We need a concerted approach, not just by the police but by the social work, education and health authorities. Expenditure arising from drug- related problems is currently about £40 million a year. That is evidence of the fact that we take this matter very seriously indeed.

Mr. McFall : It is a step forward that we now have ministerial recognition that there is a serious drug problem in Scotland.

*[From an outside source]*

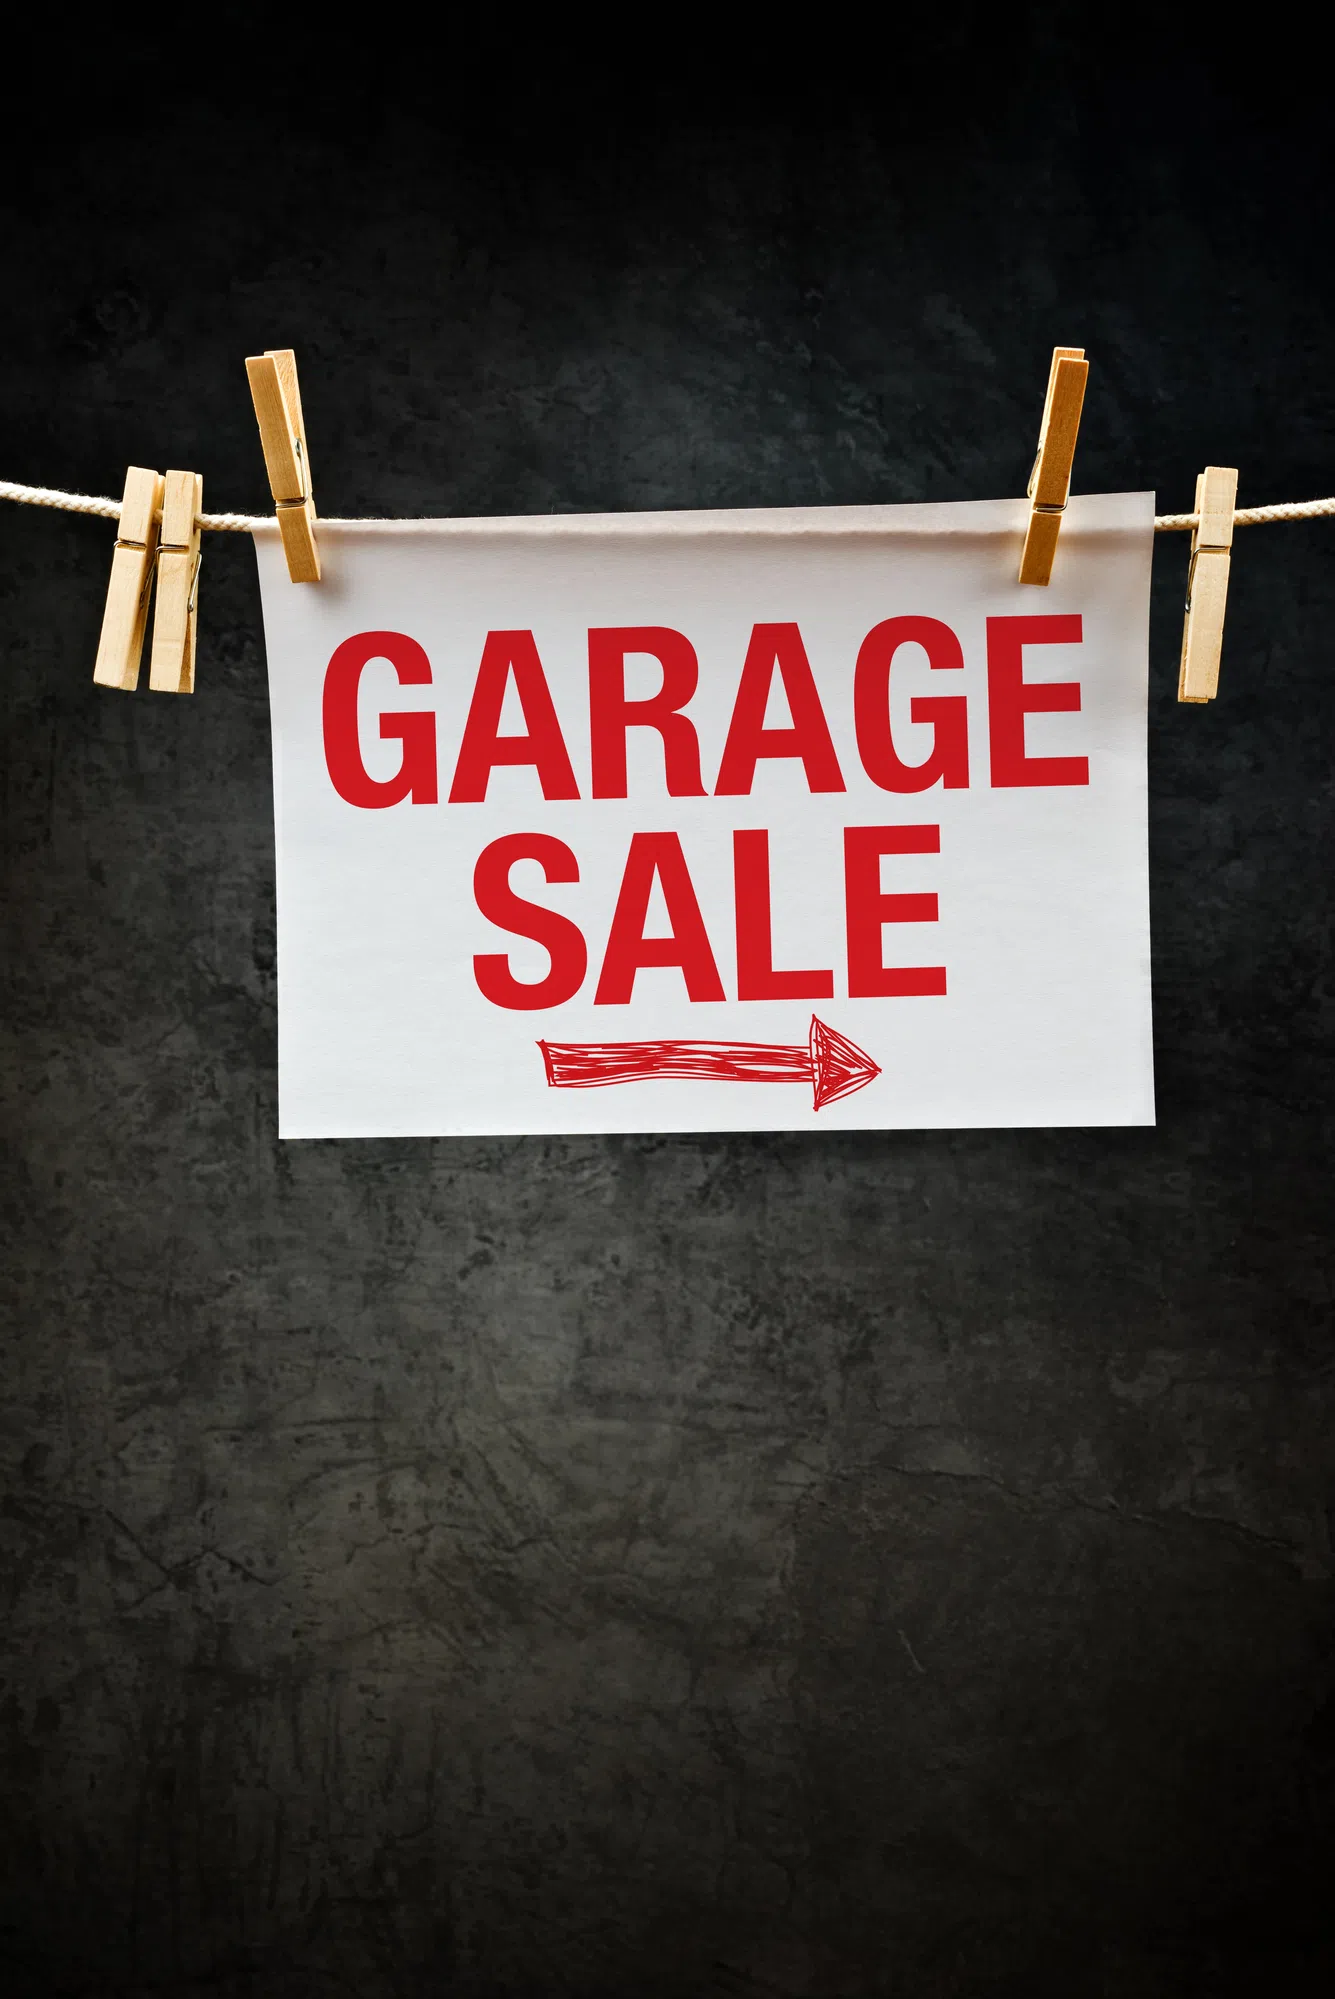 Registration For Bradford Town-Wide Garage Sale Begins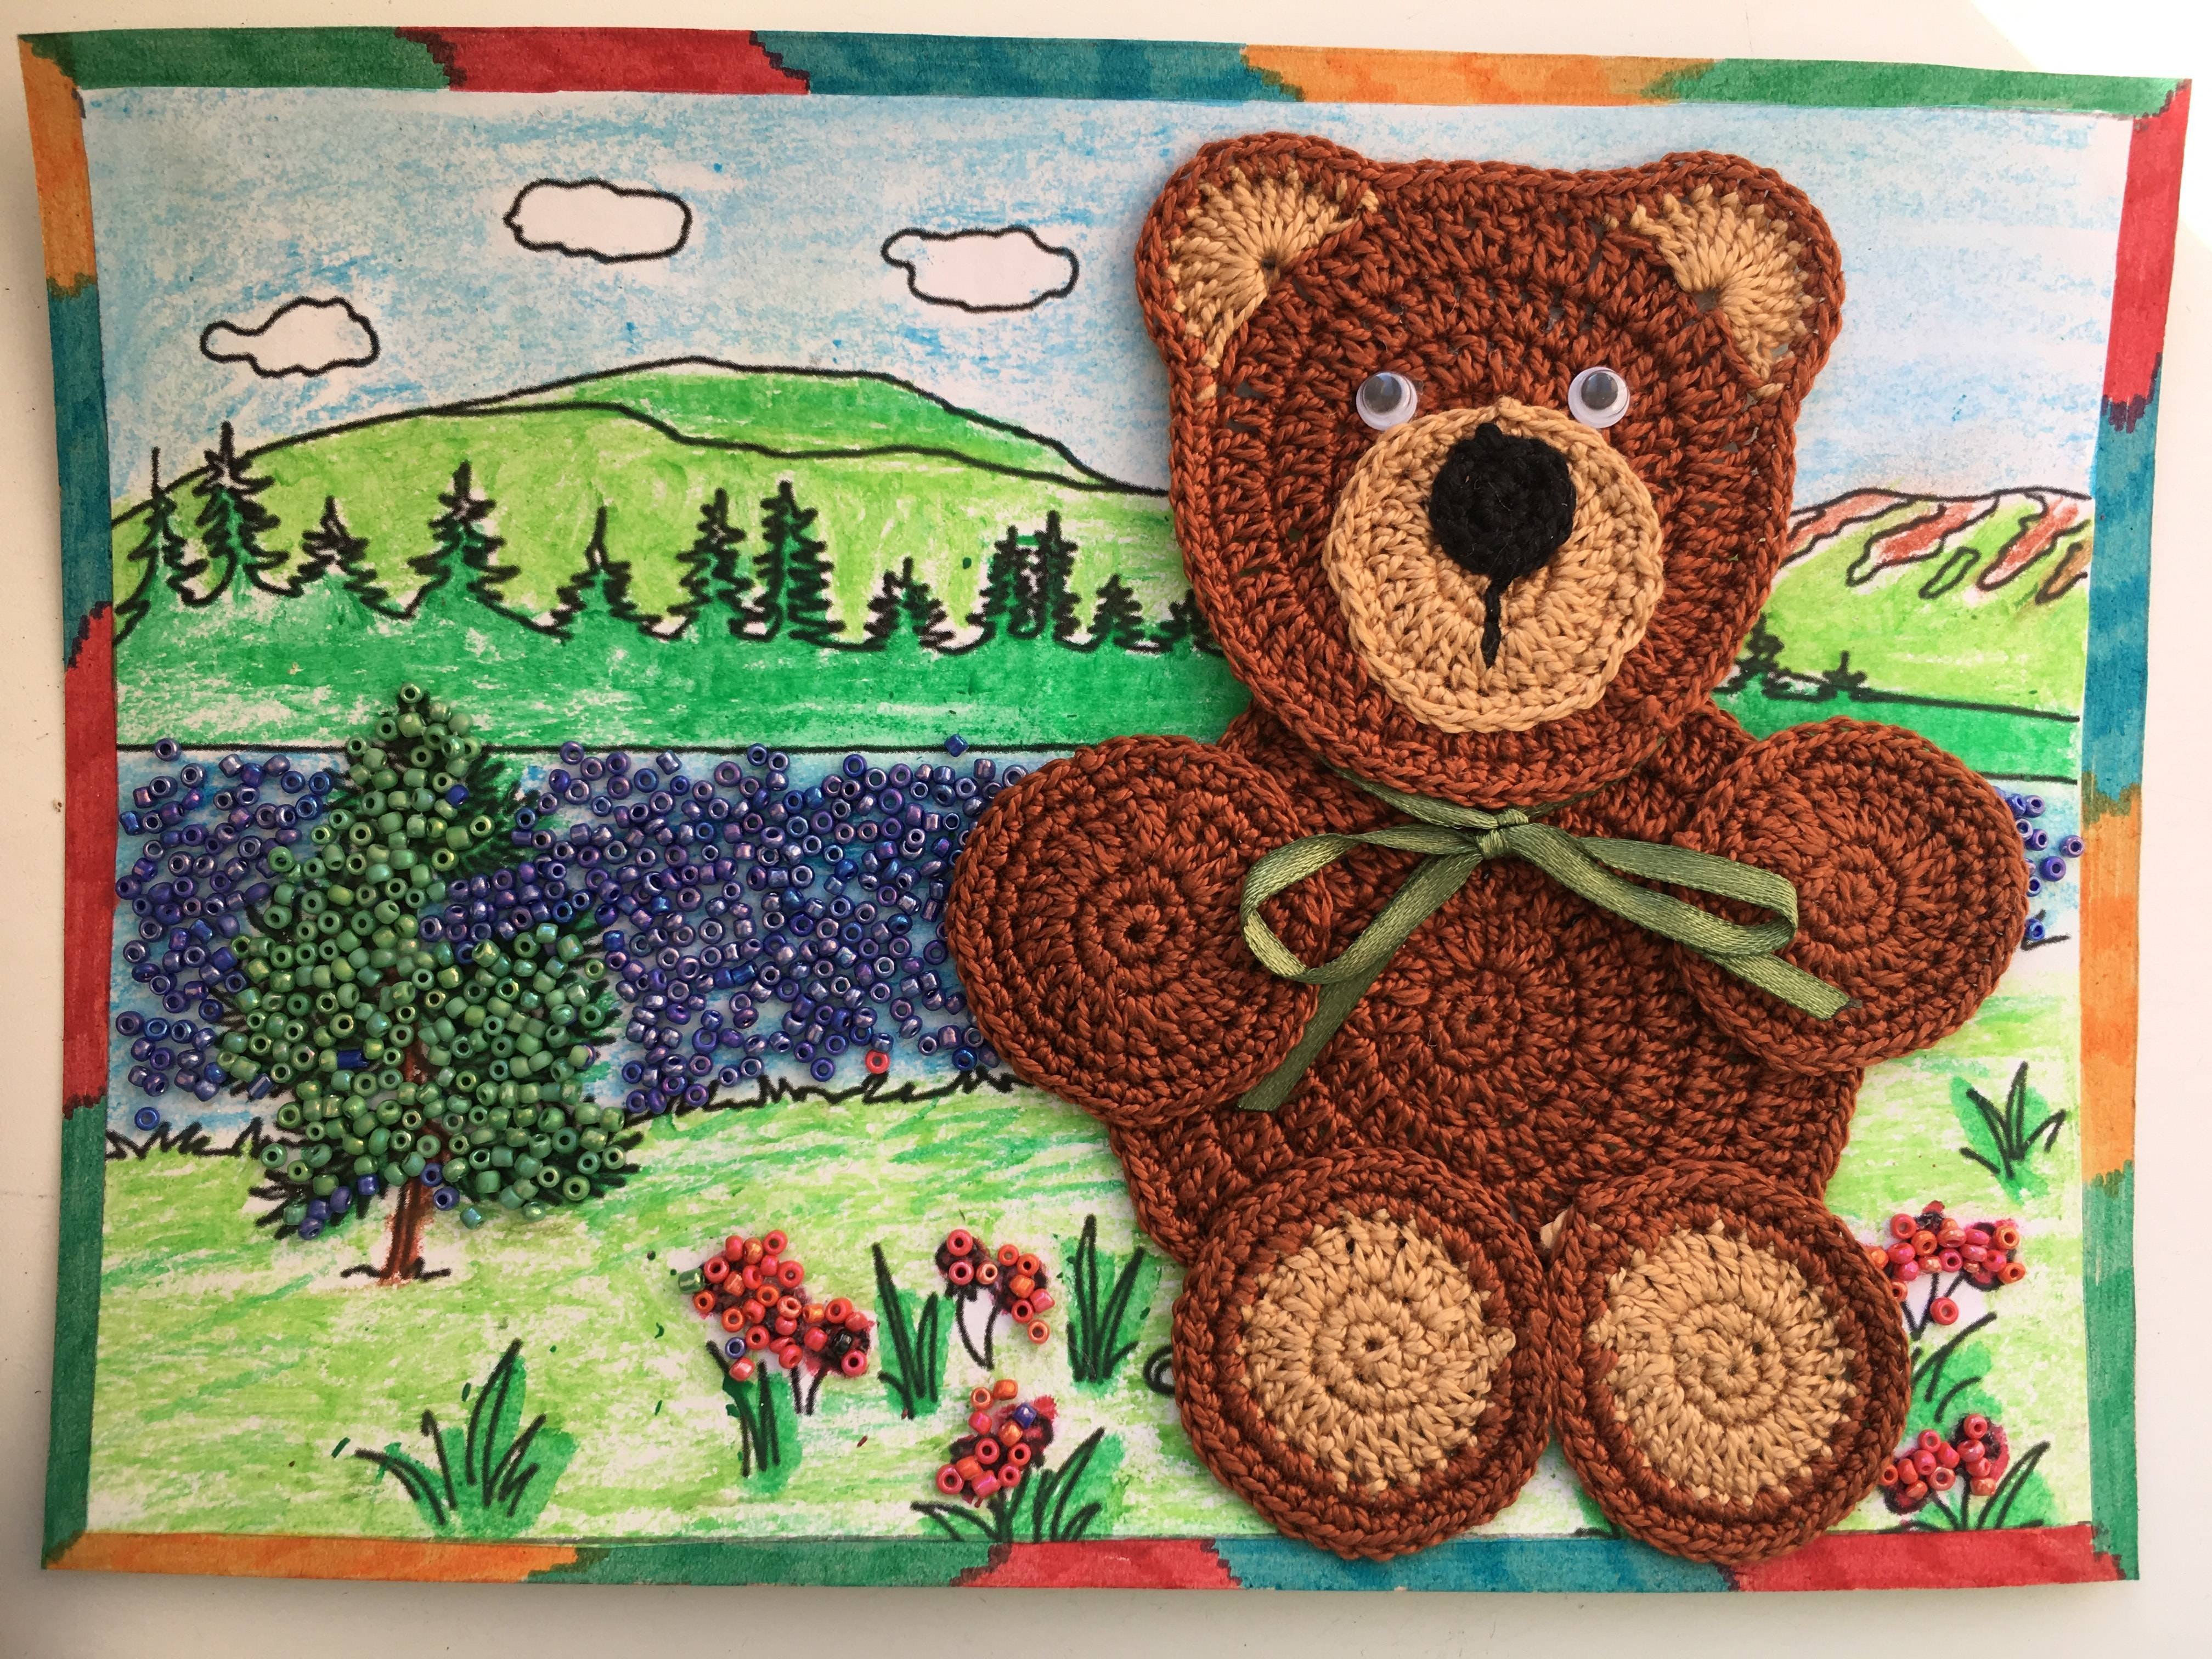 Поделка медведь своими руками — фото идеи, мастер-класс из бумаги, пластилина, природных материалов

Does the Minister realise that the main problem lies with young people aged under 24 who comprise 55 per cent. of the drug misusing population? Research from the Greater Glasgow health board and the Home Office shows without doubt that heavy drug abuse is most prevalent in areas that are characterised by high unemployment, low income and inadequate housing, giving rise to a situation of hopelessness with young people.

Does the Minister accept as a first principle that one cannot tackle the ever-increasing drug problem without dealing with its causes? Is not it time for a deprivation policy to be urgently included in the Government's timetable?

Lord James Douglas-Hamilton : What is absolutely necessary is to have a co-ordinated policy, and that is why we have had a national campaign using media publicity. That is aimed specifically at deterring young people from using illegal drugs. It is also directed at parents, because they can play a vital role in discouraging their children from engaging in that extremely undesirable and dangerous pursuit. Those matters, as I have mentioned, will be taken seriously.